Hajek V, Pasquet F, Karkowski L, Lachenal F, Gerôme P, Pavic M

机构信息

Service de médecine interne, HIA Desgenettes, Lyon cedex, France.

出版信息

Rev Med Interne. 2011 Nov;32(11):663-8. doi: 10.1016/j.revmed.2011.04.001. Epub 2011 May 17.

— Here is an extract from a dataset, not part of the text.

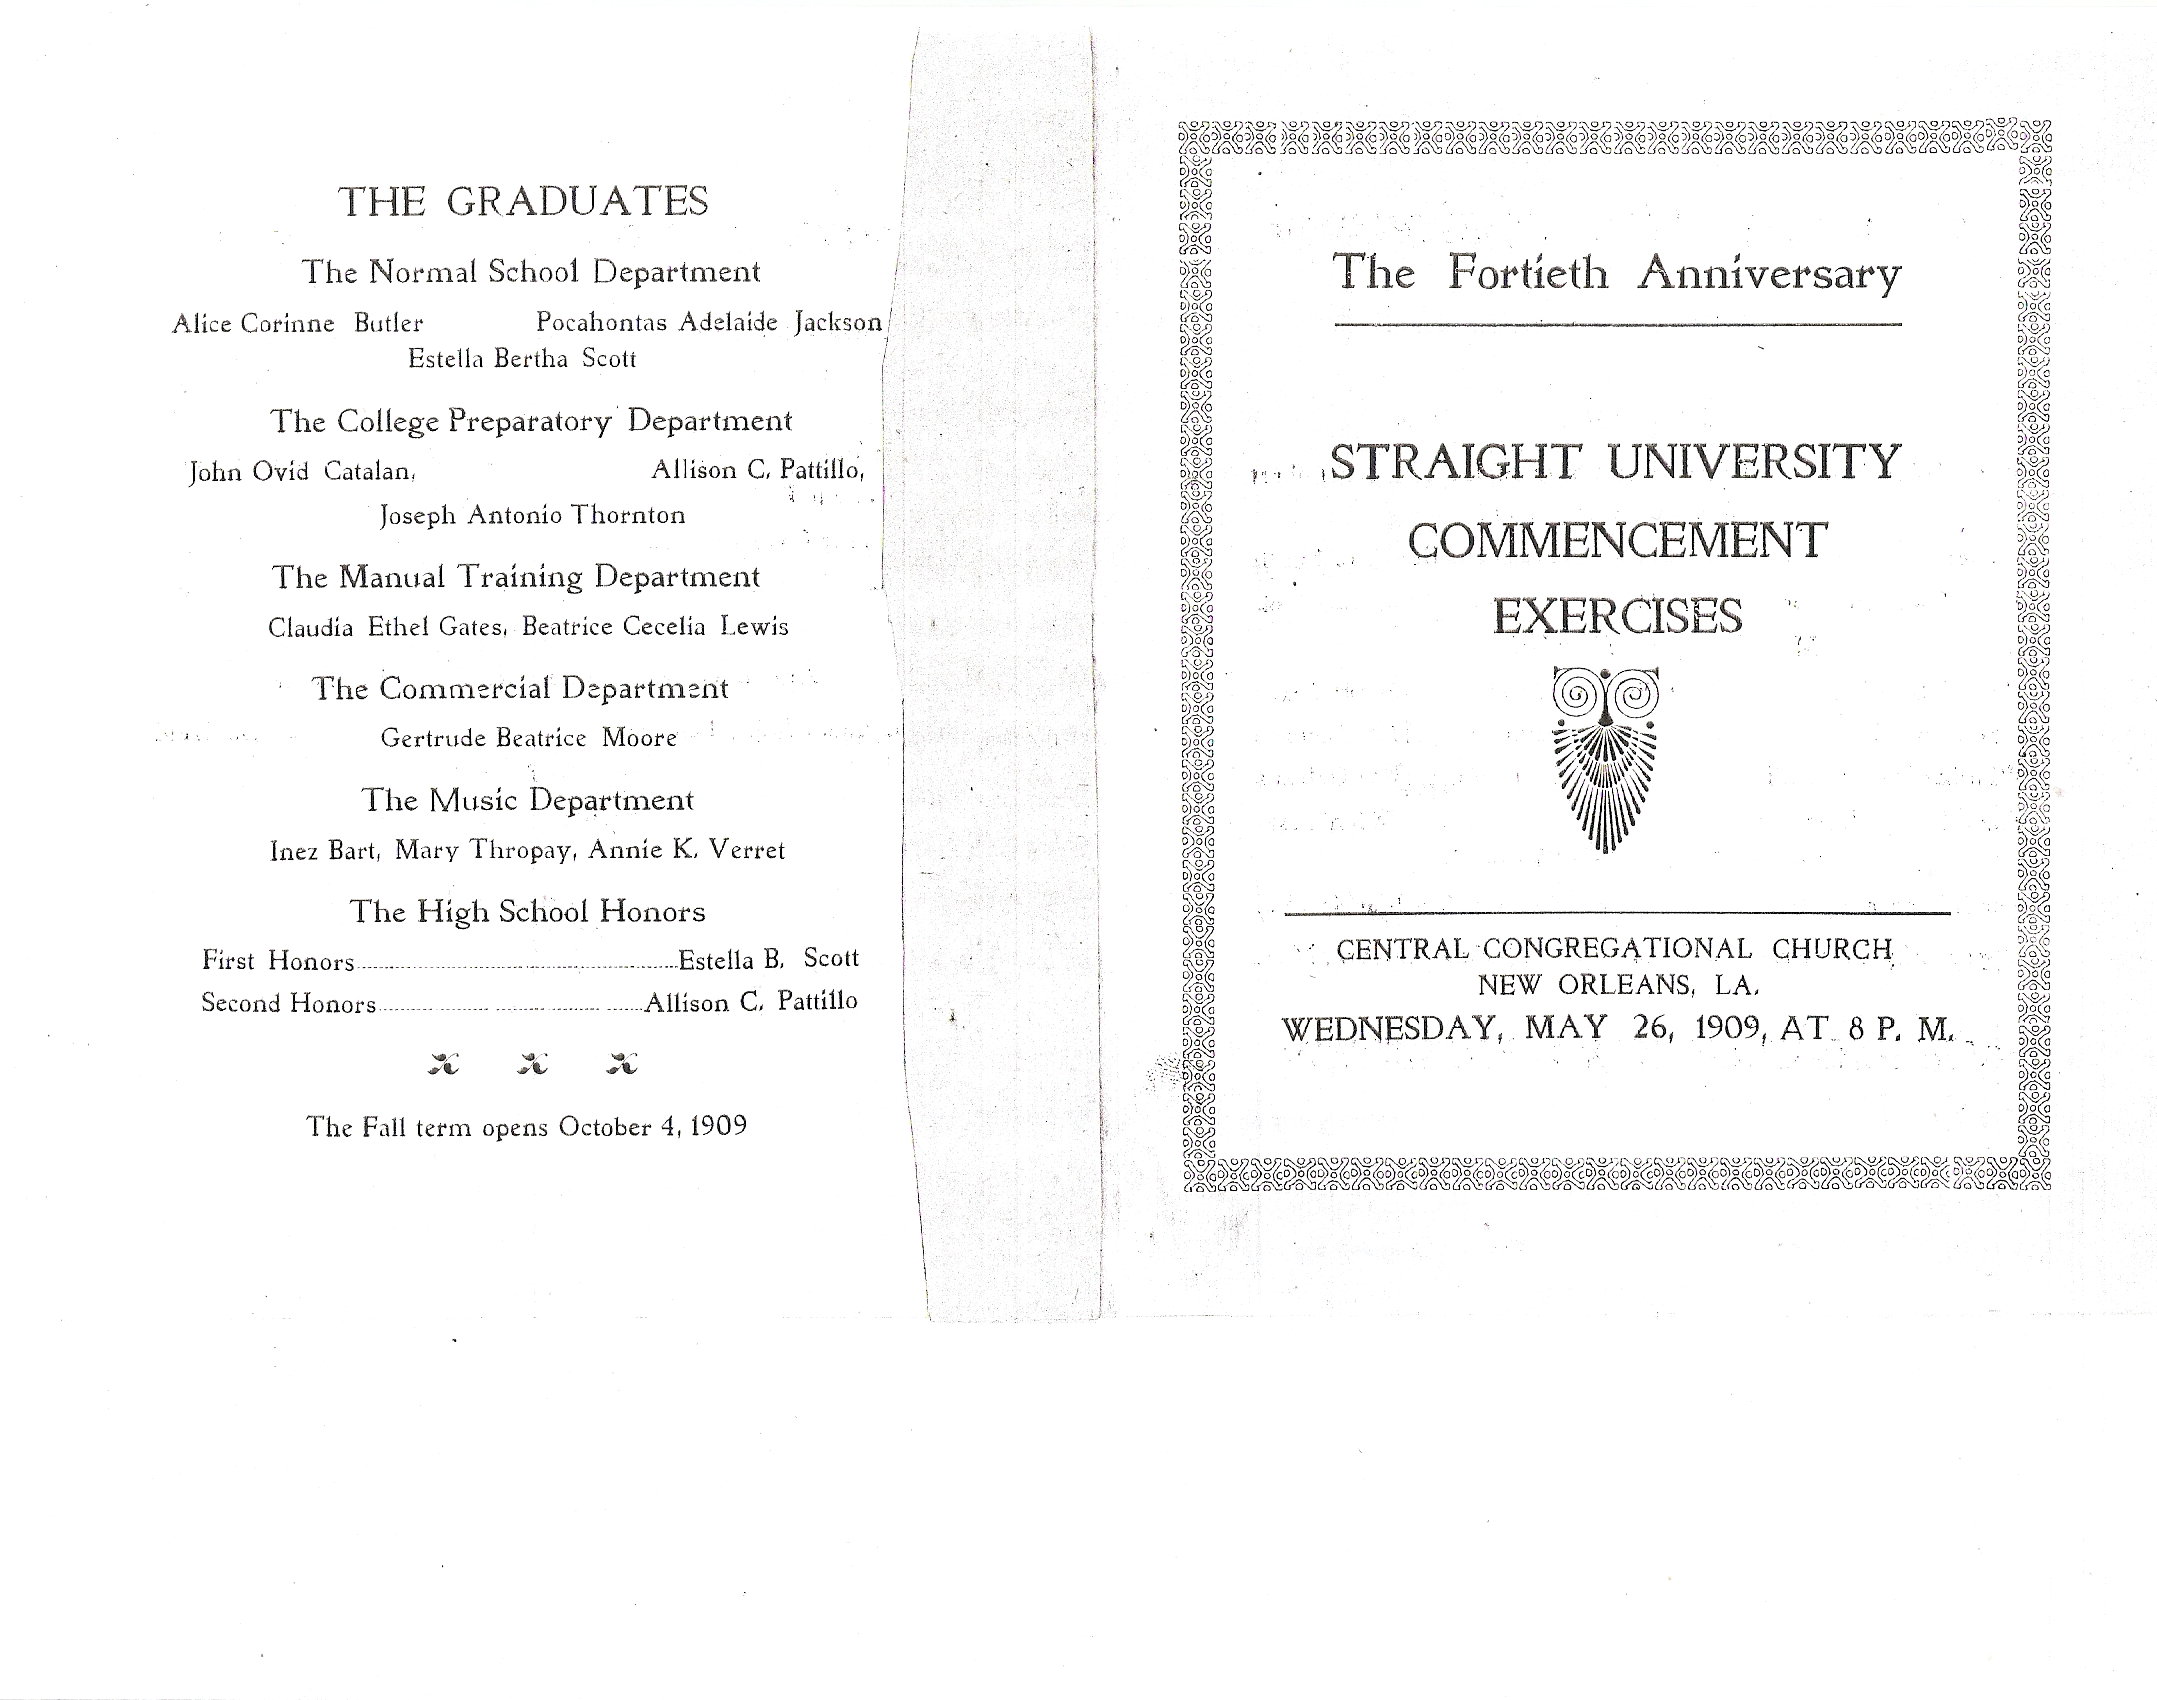 1909 Commencement - Straight University, New Orleans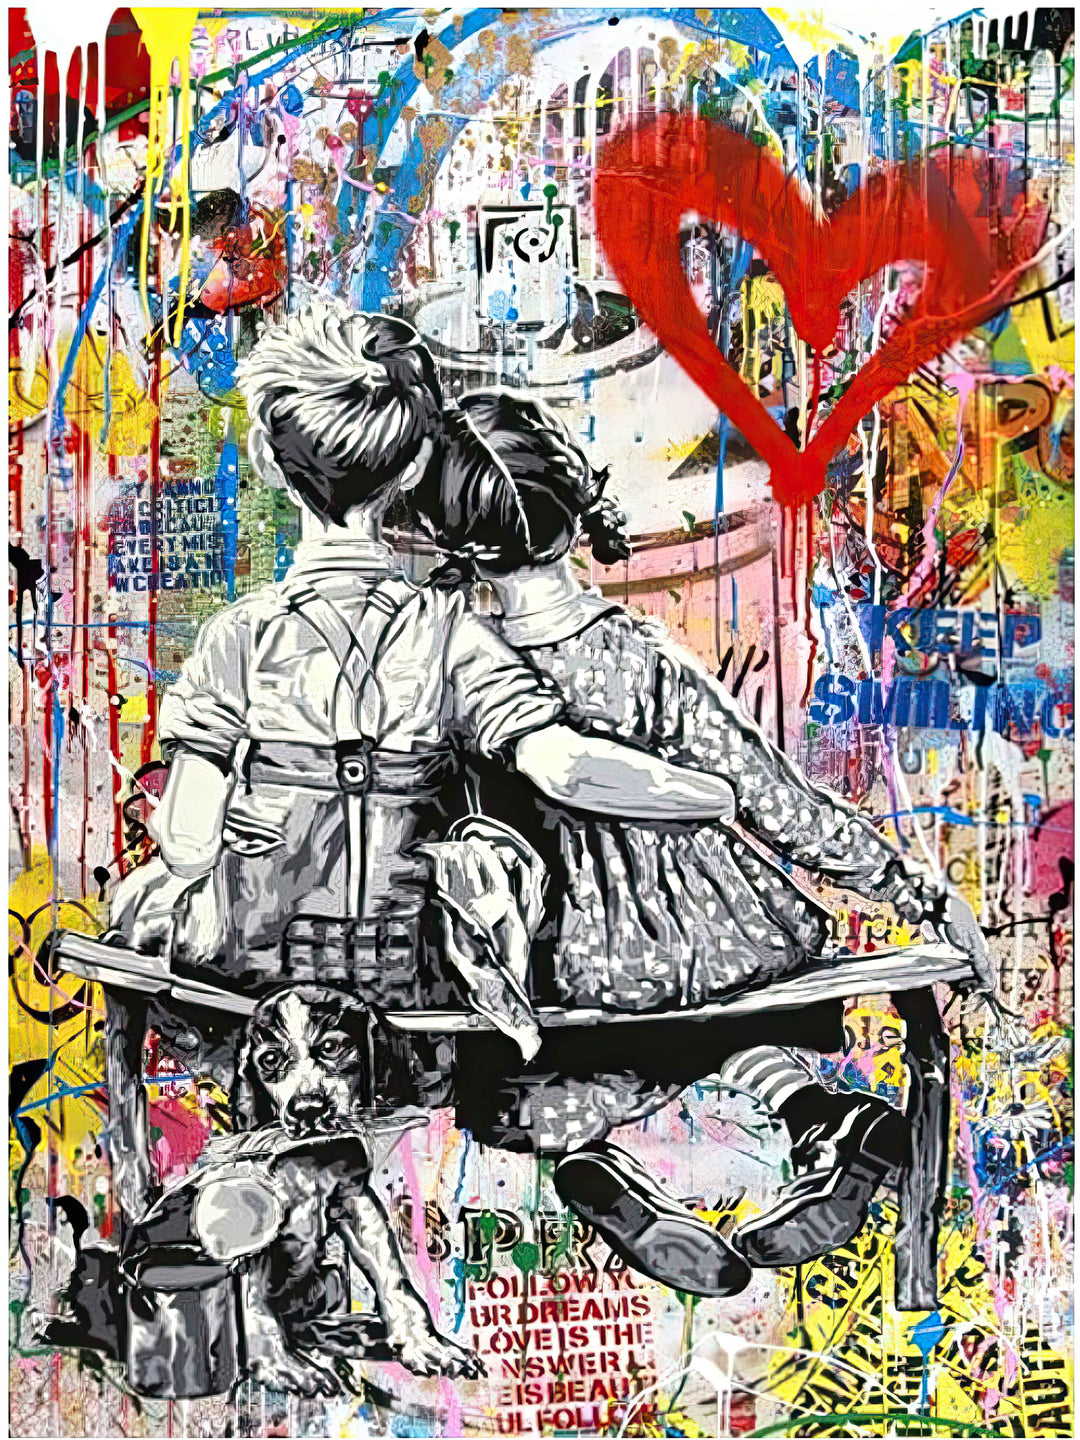 Banksy: Cuddles On The Bench - Wrapped Canvas Print, Modern Art, Art, Art, Collectibile Memorabilia, AAAPA33105

DOI:10.1016/j.revmed.2011.04.001
PMID:21592631
Abstract

PURPOSE

The C-reactive protein (CRP) is a useful inflammatory marker with a rapid kinetics during the inflammatory process. The objective of this study was to determine the etiology and prognosis of extremely elevated CRP values greater or equal to 500 mg/L.

METHODS

We performed an exhaustive retrospective study from January 2004 to July 2009, in a general hospital, of all patients with a CRP value above 500 mg/L, admitted in all clinical departments. Clinical data were collected by a single observer using a standardized questionnaire.

RESULTS

One hundred and sixty-eight CRP values greater or equal to 500 mg/L were identified amongst 106,758 tests (0.16%) corresponding to 113 patients: 51% were men and their mean age was 59.5 years. Mean CRP value was 561 mg/L (500-772). An immunocompromised condition was observed in 52% of the patients. All but 13 patients presented an infectious disease. Microbiological analysis of the infected patients identified 59 Gram-positive cocci (20 Staphylococcus spp., 35 Streptococcus spp. including 21 Streptococcus pneumoniae), two Gram-negative cocci, 48 Gram-negative bacilli (including 19 Escherichia coli), three Gram-positive bacilli, 16 fungal infections, one viral infection. Site of infection was respiratory in 63%, urinary in 17% and abdominal in 16%. At day 30, mortality rate was 27% and only 41% of the patients were discharged at home.

CONCLUSION

CRP value above 500 mg/L is highly related to bacterial infections, without over-representation of a given microorganism. One-month mortality is high (27%).

摘要

目的

C反应蛋白(CRP)是一种在炎症过程中具有快速动力学的有用炎症标志物。本研究的目的是确定CRP值极度升高(大于或等于500mg/L)的病因及预后。

方法

我们于2004年1月至2009年7月在一家综合医院对所有临床科室收治的CRP值高于500mg/L的患者进行了详尽的回顾性研究。临床数据由一名观察者使用标准化问卷收集。

结果

在106758次检测中(0.16%)发现了168个CRP值大于或等于500mg/L,对应113名患者:51%为男性,平均年龄为59.5岁。平均CRP值为561mg/L(500 - 772)。52%的患者存在免疫功能低下状况。除13名患者外,所有患者均患有传染病。对感染患者的微生物学分析发现59株革兰氏阳性球菌(20株葡萄球菌属,35株链球菌属,包括21株肺炎链球菌),2株革兰氏阴性球菌,48株革兰氏阴性杆菌(包括19株大肠杆菌),3株革兰氏阳性杆菌,16例真菌感染,1例病毒感染。感染部位呼吸道占63%,泌尿系统占17%,腹部占16%。在第30天,死亡率为27%,只有41%的患者出院回家。

结论

CRP值高于500mg/L与细菌感染高度相关,没有特定微生物的过度表现。1个月死亡率很高(27%)。